BRIEF DESCRIPTION OF THE DRAWINGS

An exemplary embodiment of the invention will be described in detail with reference to the following figures, wherein:

FIG. 1 is an overall diagram of an image forming apparatus pertaining to the exemplary embodiment of the invention;

FIG. 2A is a schematic diagram showing a state of placement of plural exposure devices pertaining to the exemplary embodiment of the invention, and FIG. 2B is a perspective diagram of the exposure device pertaining to the exemplary embodiment of the invention;

FIG. 3 is a perspective diagram showing a crawl-around state of FFCs in plural image forming units pertaining to the exemplary embodiment of the invention;

FIG. 4 is a perspective diagram showing a state of attachment of a bottom plate to the plural image forming units pertaining to the exemplary embodiment of the invention;

FIG. 5 is a cross-sectional diagram of C and K image forming units pertaining to the exemplary embodiment of the invention;

FIG. 6 is a schematic diagram showing a bent state of the FFCs pertaining to the exemplary embodiment of the invention;

FIG. 7A is a schematic diagram showing a curved state of an FFC pertaining to a first comparative example, and FIG. 7B is a schematic diagram showing the bent state of the FFC pertaining to the exemplary embodiment of the invention;

FIG. 8A is a schematic diagram showing a curved state of an FFC pertaining to a second comparative example, and FIG. 8B is a schematic diagram showing the bent state of the FFC pertaining to the exemplary embodiment of the invention; and

FIG. 9 is a graph showing the relationship between tension of the FFC pertaining to the exemplary embodiment of the invention and a load acting on an exposure unit.

DETAILED DESCRIPTION

An exposure device and an image forming apparatus pertaining to an exemplary embodiment of the invention will be described.

In FIG. 1, there is shown an image forming apparatus 10 of the exemplary embodiment.
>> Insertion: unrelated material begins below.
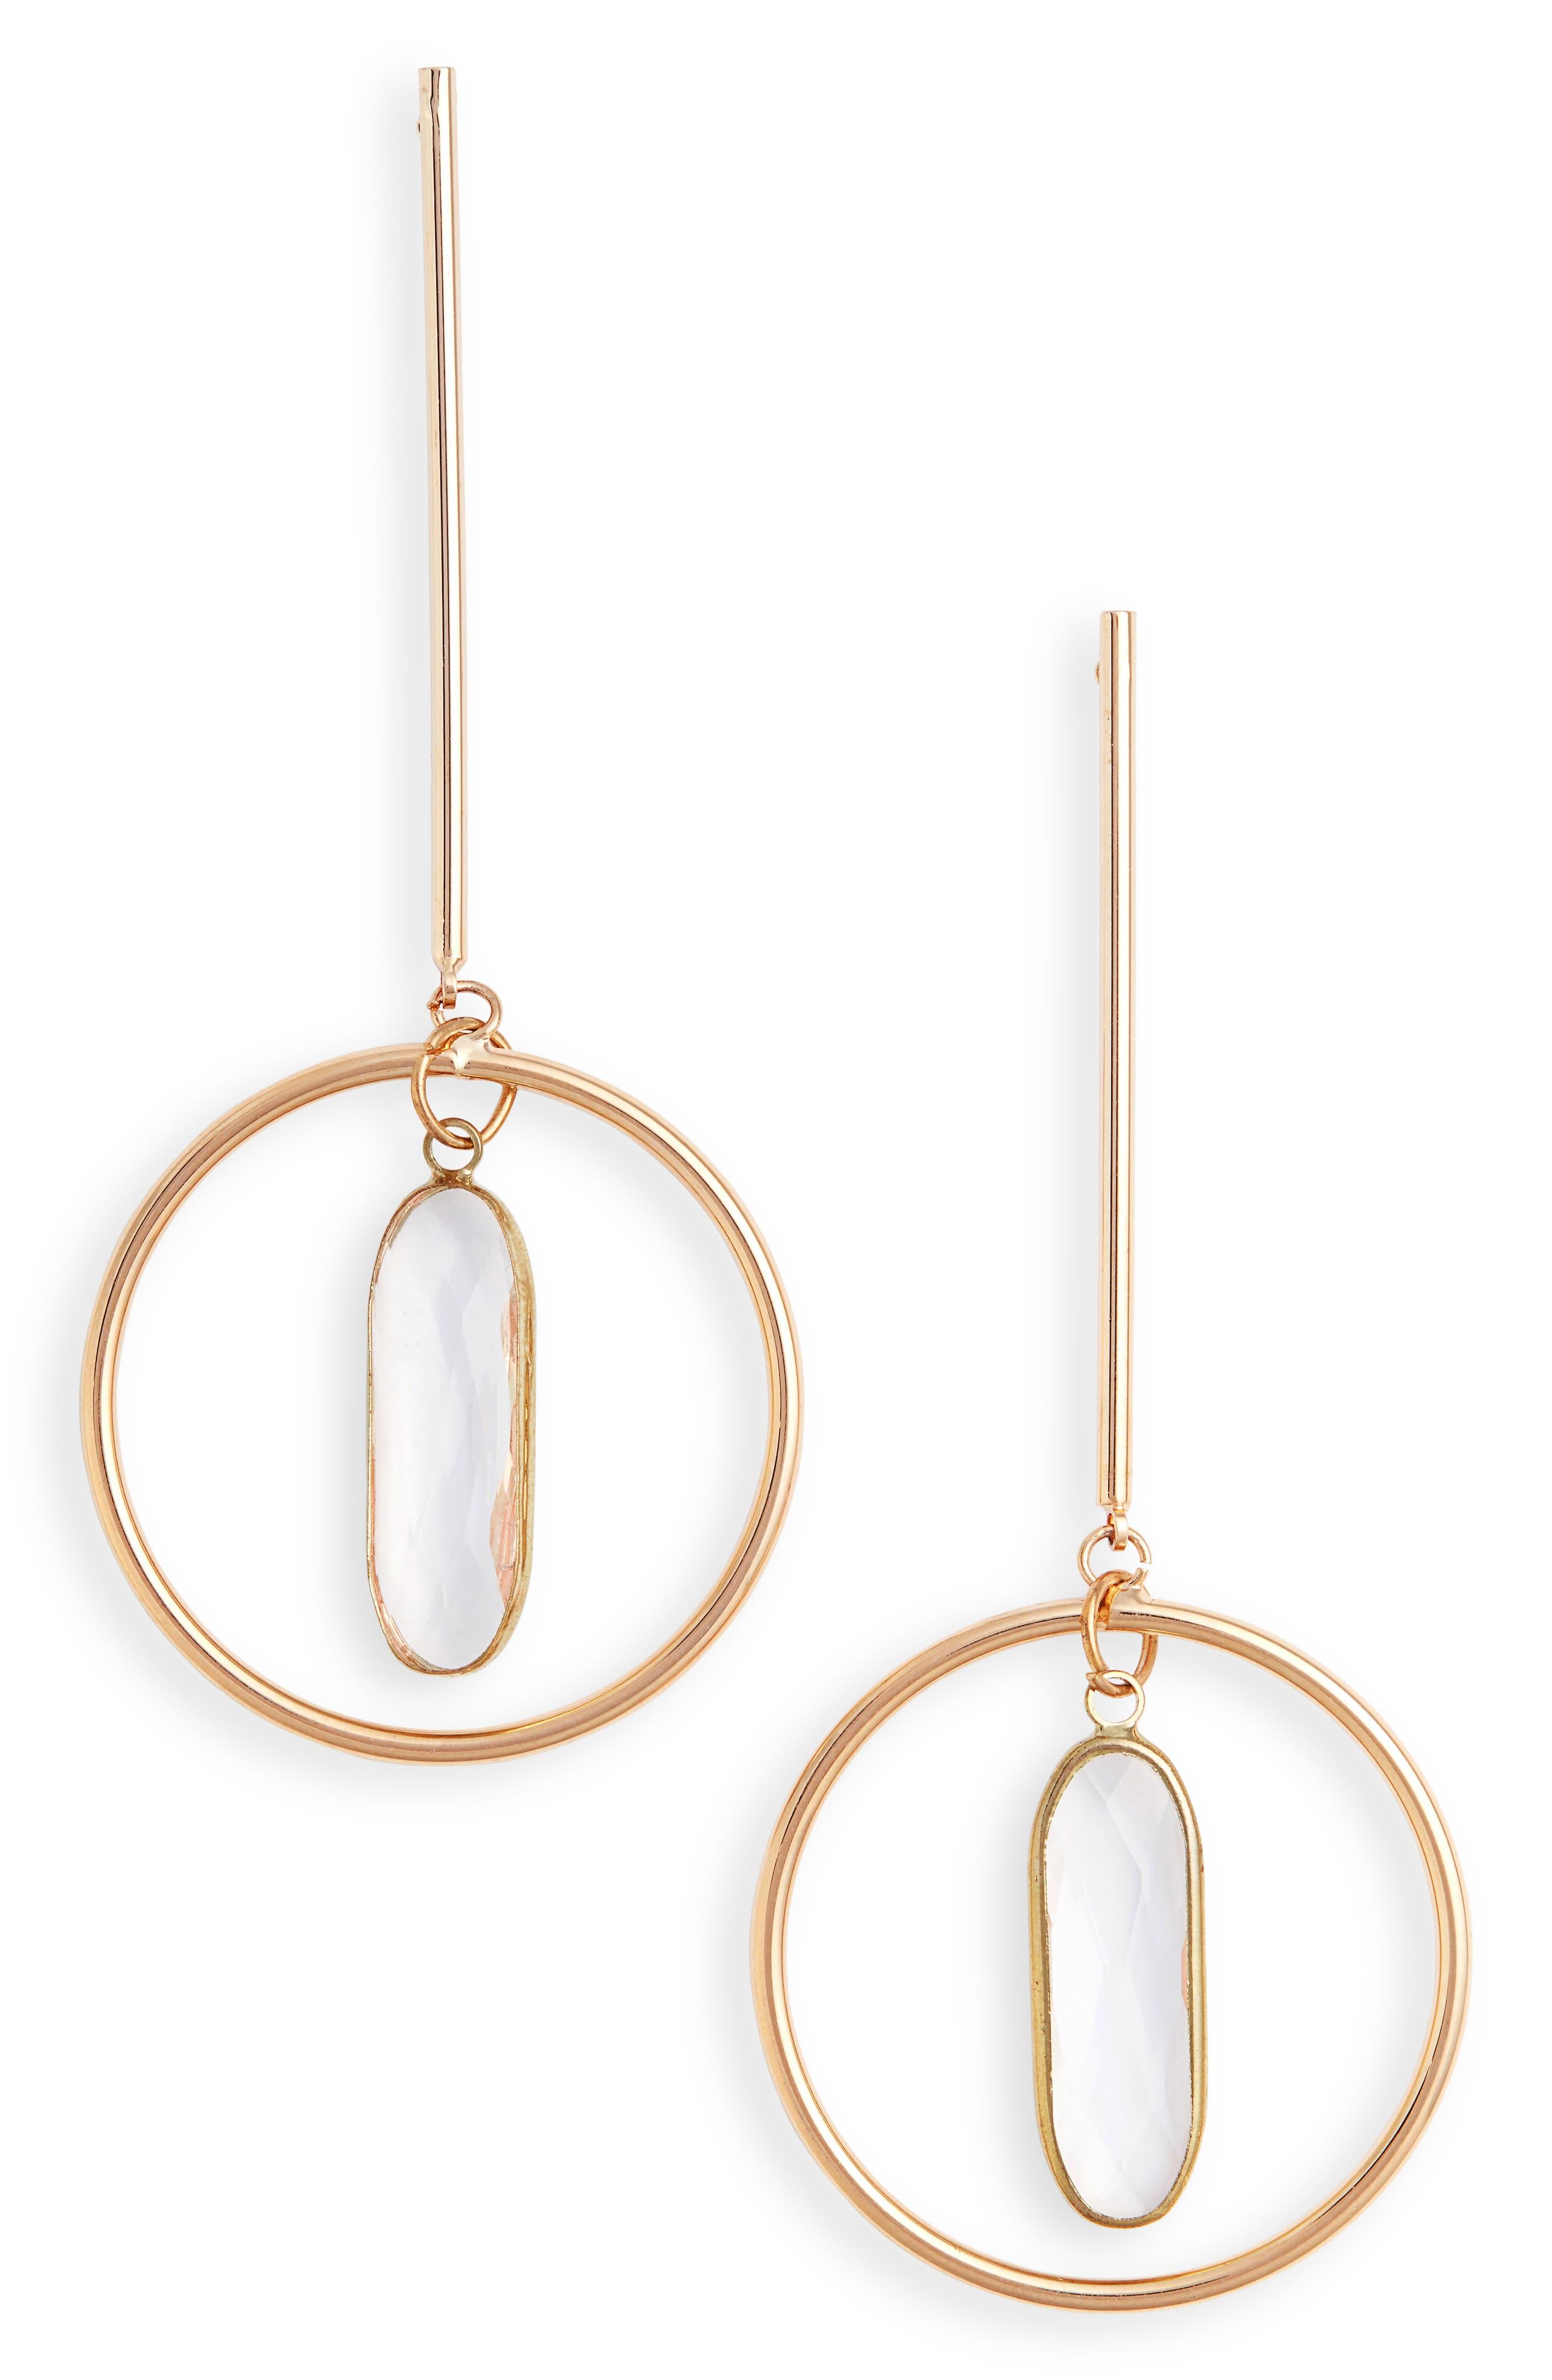 Elise M. Novalee Bar & Hoop Earrings

In the image forming apparatus 10, as one example, image forming units 12Y, 12M, 12C and 12K serving as one example of image forming units that perform image formation with toners (developers) of the four colors of yellow (Y), magenta (M), cyan (C) and black (K) are arrayed in a diagonal direction (the lower right direction in the drawing) in the center of the inside of a casing 11 that is a body of the apparatus. The image forming units 12 are placed in the order of Y, M, C and K from the upper left to the lower right in the drawing.

The image forming units 12Y, 12M, 12C and 12K have the same configuration except for the toner housed therein. In the following description, the letters Y, M, C and K will be added after numerals when it is necessary to distinguish between the respective colors of yellow, magenta, cyan and black, and the letters Y, M, C and K after numerals will be omitted when it is not necessary to distinguish between the respective colors. The toners of Y, M, C and K are not particularly limited by manufacturing method.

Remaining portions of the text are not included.